As for videos on this subject, that would be up to them...I think it's an interesting idea, but their area of expertise within PraMek and how it relates to their other works, is up to them on that area.  That's not the area I'll probably be over in PraMek's development, as I have some other people who've put it to real use in real life from combat survival in the desert to climbing mountains in snow.  This is an area that is wide open for PraMek's application of science.
We have looked at a variety of ways to teach this stuff, including some different trips, camps, seminars, manuals, etc. 
But that part of it is still up in the air....

M


----------



## Ironman (Apr 12, 2005)

nice, thanx. Although i hope they will be encouraged to make video's of tracking and drunk fighting (i'm in college, its sort of a ritual to do beerbongs every so often.)  :ultracool


----------



## Clash (Apr 13, 2005)

Its great to hear from Matt, alot of questions were answered in this thread..
thanks for posting  I plan to to keep a close eye on that upcoming site, and look forward to seeing this system in action.
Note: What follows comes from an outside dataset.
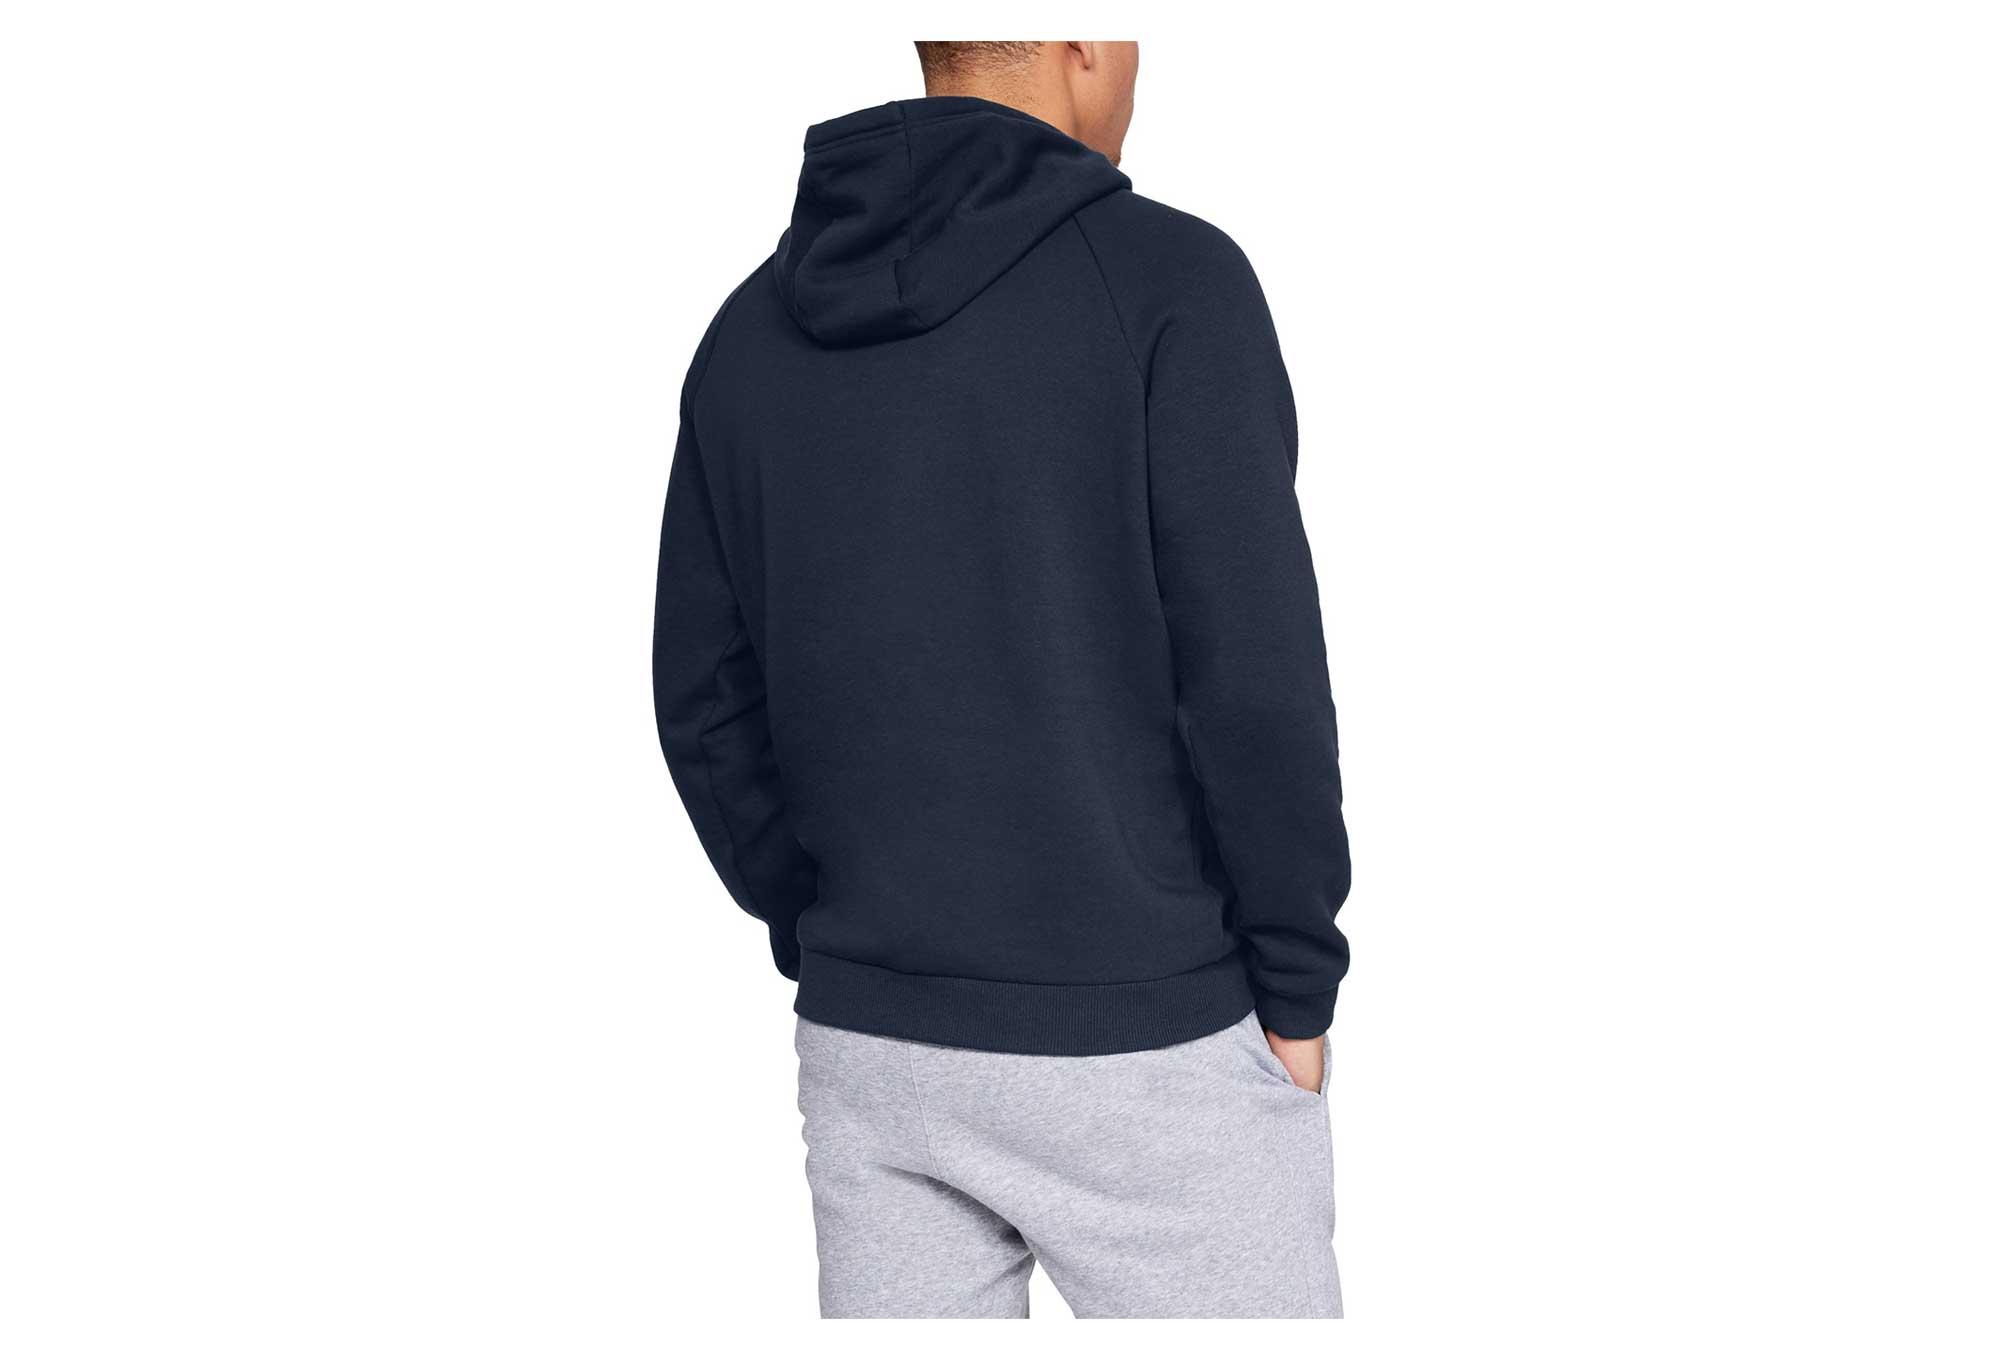 Under Armour Rival Fleece Logo Hoodie Sweat Navy Blue

I live about 5 hours from Atlanta, in Meridian MS and have had hopes of getting the opportunity of training with Matt in the future. For now its me and some selected friends that just work with natural body mechanics and practical ideas for self defense solutions. From what I have heard Pramek seems to be an ideal system, with a very logical approach. Definately keep us updated Matt, look forward to seeing the site when its completed.

Kind Regards, Daniel


----------



## Pervaz (Jun 12, 2005)

I had a look today at Matt website (www.pramek.com) and it has come leaps and bounds - I know he is working hard behind the scenes on a lot of functionality and has recently released his forum today as well


----------



## mpowell (Jun 17, 2005)

We're definitely doing a lot of work.  We'll never be as big as MartialTalk  :ultracool but w're working hard.  Thanks for all ya'll's help.  Im working on our manual, distance learning program, and new areas for site.  We've got an RMA forum on our site too if anyone wants to stop by.  I'll keep ya'll posted.
Thanks to MartialTalk for letting me post (not advertise as some idiots say).


----------